Comment 20 for bug 1681909

------- Comment From <email address hidden> 2018-03-06 11:15 EDT-------
(In reply to comment #45)
> Hi, Murilo.
>
> Can you test it on 16.04 using kdump-tools from xenial-proposed? Maybe the
> noirqdistrib option might be related to the EEH issues.
>

Ok, I'll give it a try.

(In reply to comment #46)
> Looking at the log, I noticed the EEH is frozen right after finding the
> Broadcom card. Is that one the tg3?
>
> [ OK ] Found device NetXtreme BCM5719 Gigabit Ethernet PCIe.
> [ 8.191135] EEH: Frozen PE#7 on PHB#21 detected
> [ 8.191280] EEH: PE location: S00210f, PHB location: N/A

Yeah correct, this is the tg3 device. But the EEH is seen in a PHB different then the one the adapter is in. This adapter is PHB#01, where the EEH is seen in the PHB#21.

>
> Also, the recovery problem seems to be caused by ast.
>
> [ 18.267005] EEH: 2100000 reads ignored for recovering device at
> location=S00210f driver=ast pci addr=0021:10:00.0
> [ 18.267334] EEH: Might be infinite loop in ast driver
>
> Looking at the upstream logs, one commit came up.
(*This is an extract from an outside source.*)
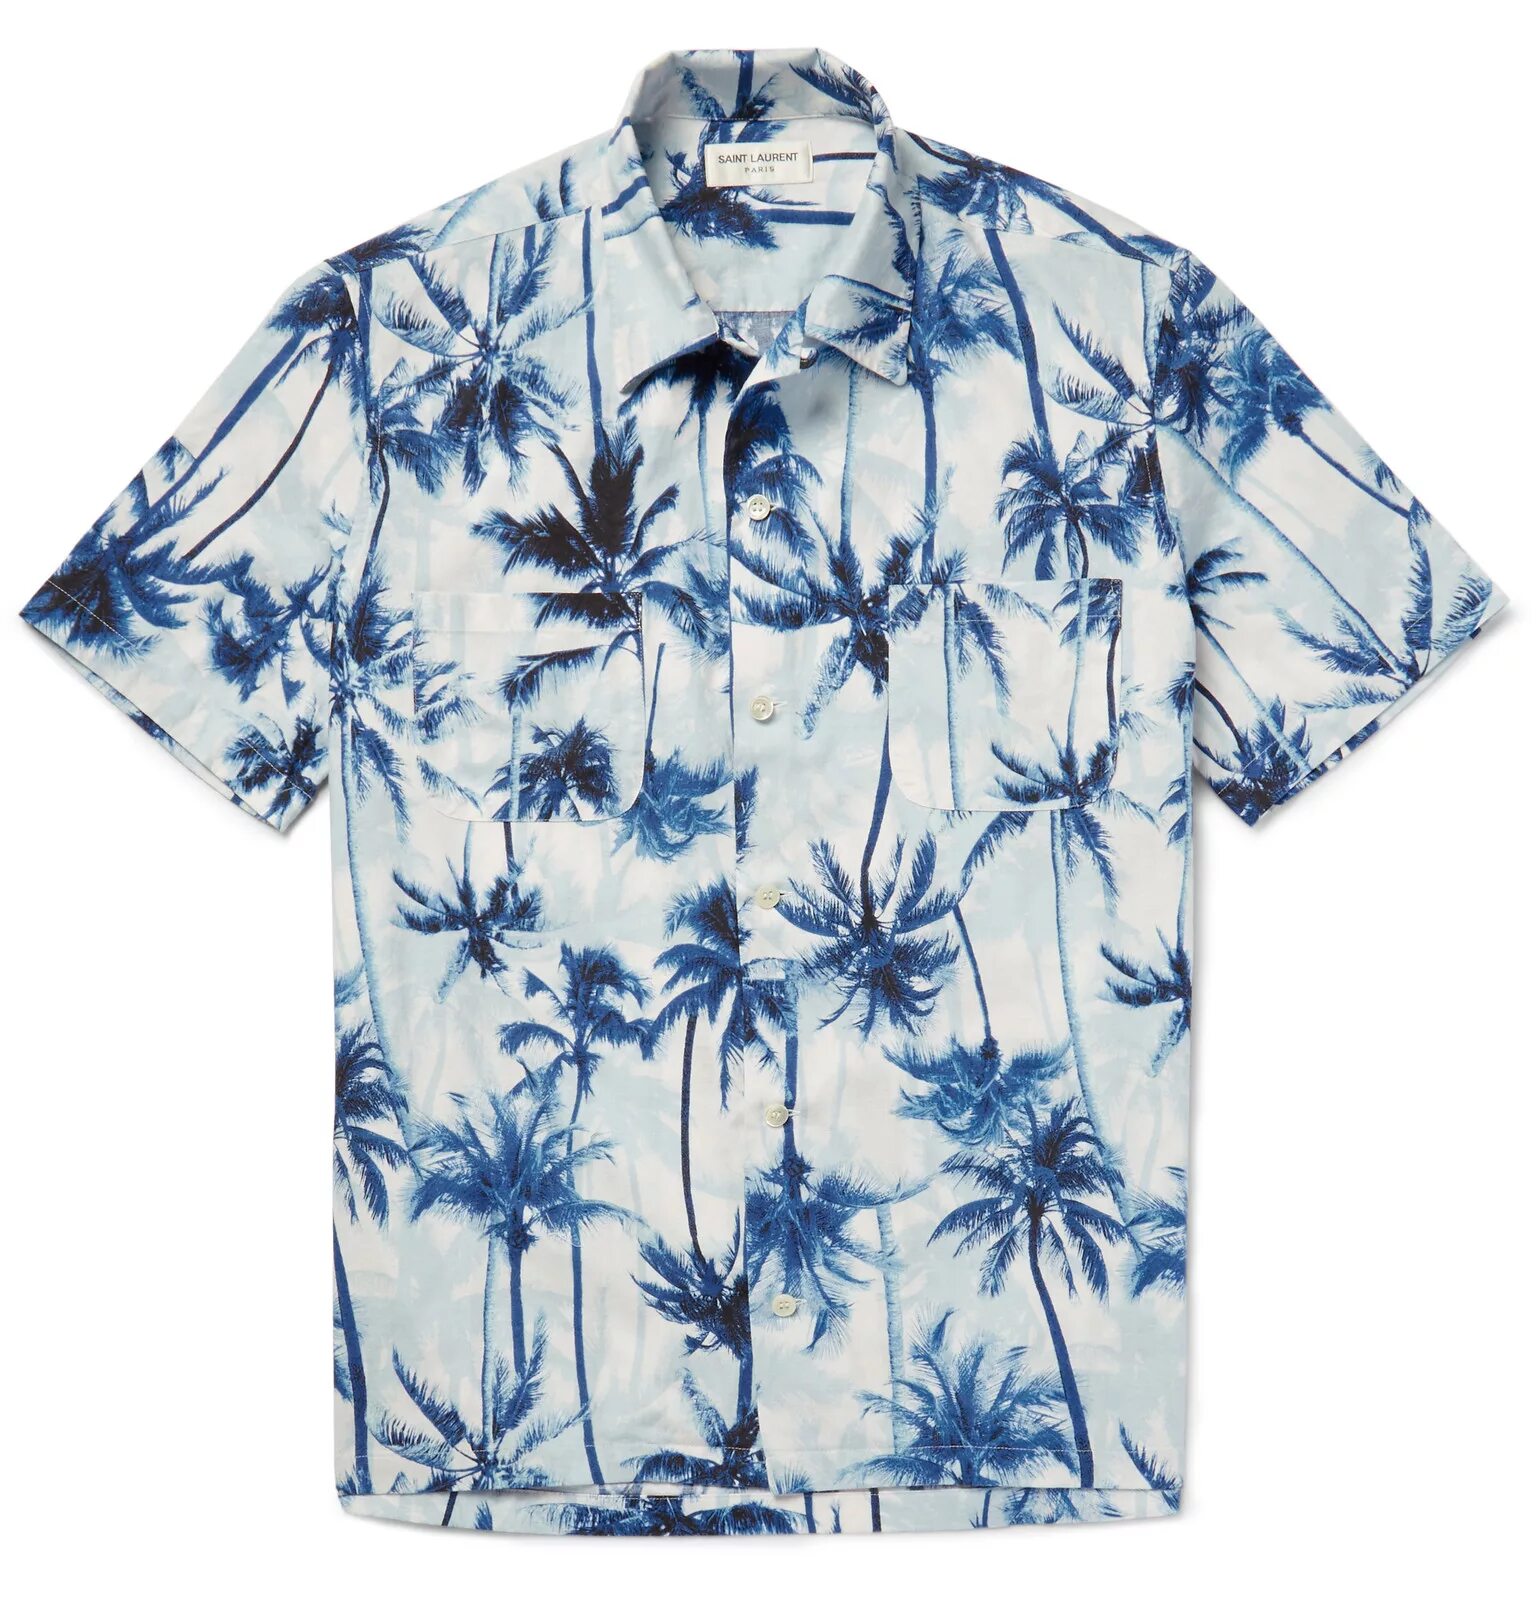 Рубашка с принтом купить. Рубашка Ричи Тозиера. Гавайская рубашка Ричи Тозиера. Рубашка с принтом. Рубашка с пальмами.

Can you open a new bug for
> it?
>
> commit 298360af3dab45659810fdc51aba0c9f4097e4f6
> Author: Russell Currey <email address hidden>
> Date: Thu Dec 15 16:12:41 2016 +1100
>
> drivers/gpu/drm/ast: Fix infinite loop if read fails

Cascardo, about the mentioned patch, it is already in this kernel, when I look at the changelog for linux-image-4.4.0-116-generic:
* Xenial update to v4.4.41 stable release (LP: #1655041)
- drivers/gpu/drm/ast: Fix infinite loop if read fails

And also this is not the only device that is hitting the EEH, when I blacklisted the ast module I still see the EEH hitting the other slots behind the PLX switch

I was able to collect a full dmesg output by adding the dmesg command to the KDUMP_FAIL_CMD option, still no luck in getting it to drop to a shell.